First class of the new vocational center in Gressier. Credit: ELCH

Last February ELCA Presiding Bishop Mark Hanson visited Haiti and was escorted by the president of the Lutheran Church of Haiti, Pastor Joseph Livenson Lauvanus. As part of that trip Pastor Livenson walked Bishop Hanson up to an old building outside of Gressier, just west of Port-au-Prince. Pastor Livenson asked the bishop what he saw, to which he replied, “An old sugar factory.” Pastor Livenson replied that what he saw was:

A place of hope for my community. I see a community center where my brothers and sisters are learning.


It is that type of foresight that has turned this site of rubble into a place of restoration and hope. For today this same site is covered by people working, learning and laughing.
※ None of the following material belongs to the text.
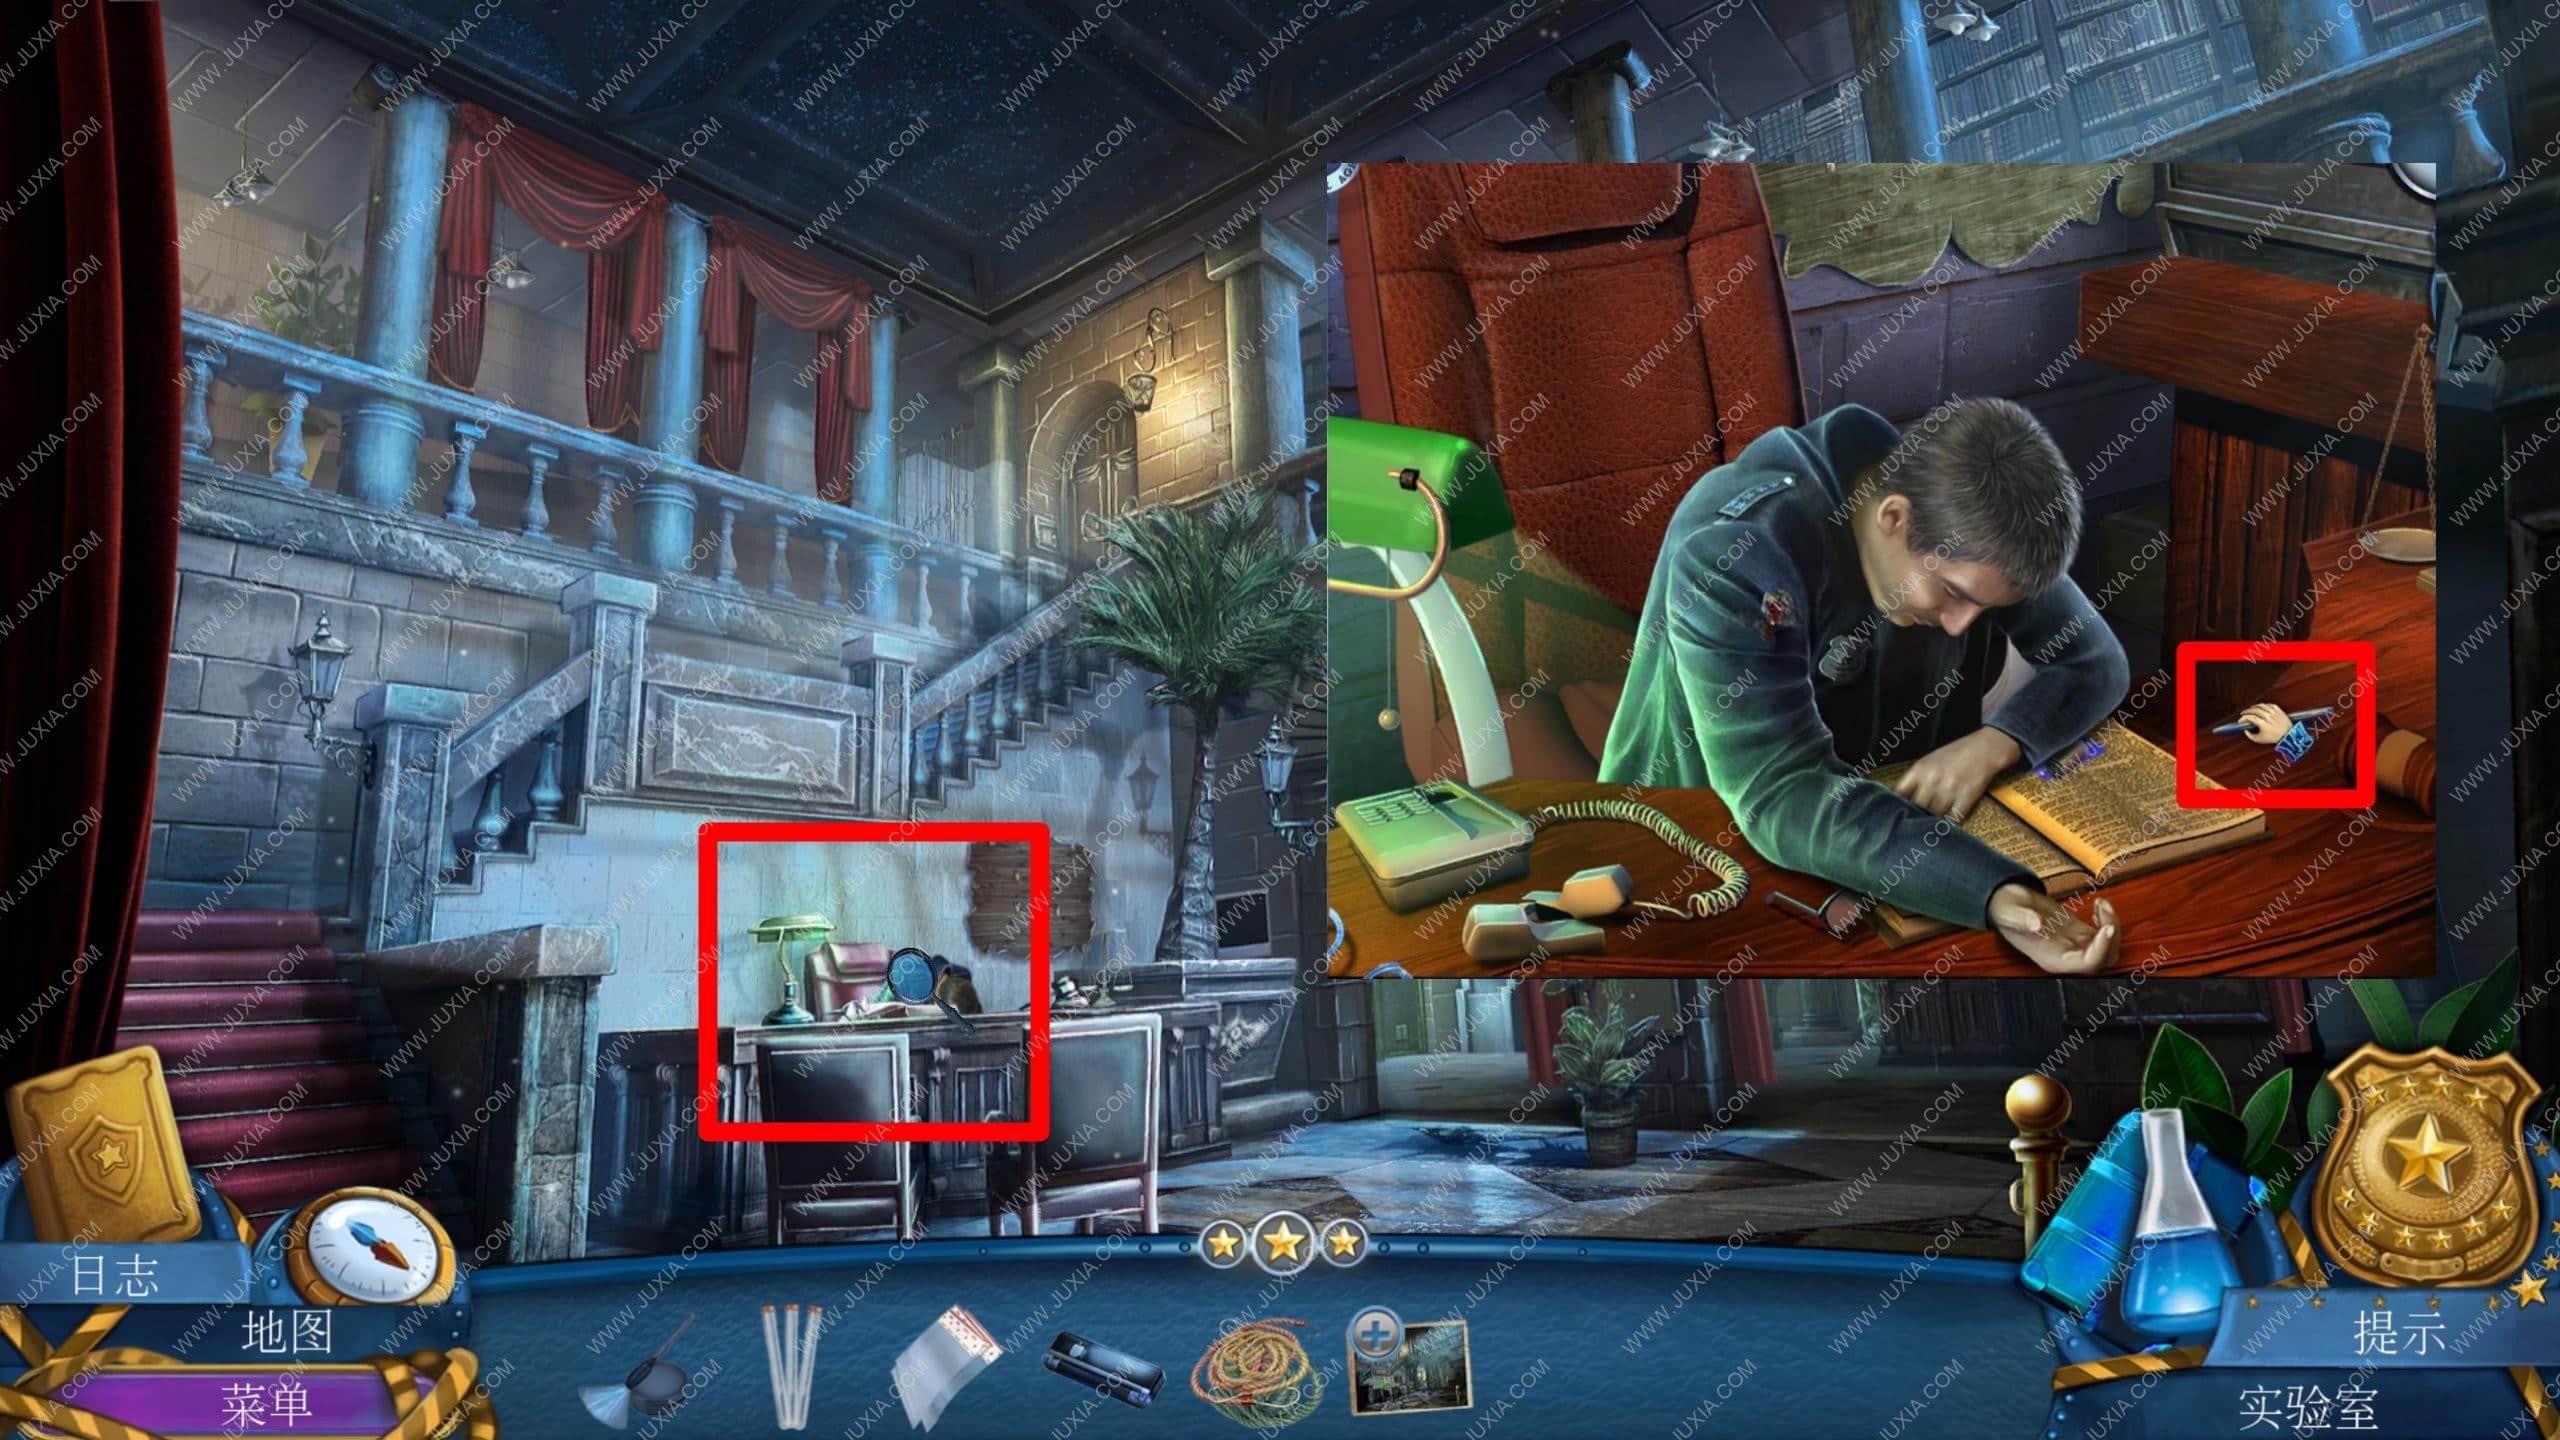 密室逃脱滚动迷城攻略第四章 幽灵档案罪恶的面孔攻略

Here, through donations to ELCA Disaster Response and other partners, the Lutheran church in Haiti is building a complex that includes a K-12 school, a vocational training school with 40 current students enrolled in their 18-month program, an office building, a guest house and if Pastor Livenson has anything to do with it (which he does) a convention center!

I was able to speak to Pastor Livenson this morning to get an update on the situation in Haiti on the second anniversary of the earthquake that struck the country exactly two years ago. He told me of the remembrance service they had this morning at the site with 8 members of Ben Larson’s family, an ELCA seminarian working in Haiti who was killed in the earthquake. He shared of how this remembrance was not just for honoring those who had been lost and the hard road he and his brothers and sisters have walked over the past two years, but to celebrate the blessing of support they have received from all quarters. This blessing of God as he called it has given hope to those who saw nothing but despair. He wanted to make sure that I shared this hope has done more than words can describe to help the church and people of Haiti as they continue to reject the concept of being a people in the rubble and embrace their identity as a people of resurrection, bringing new life out of destruction.

In closing he told me that he and the church in Haiti will continue to pray for us as he knows from just looking around him that we have been praying for them.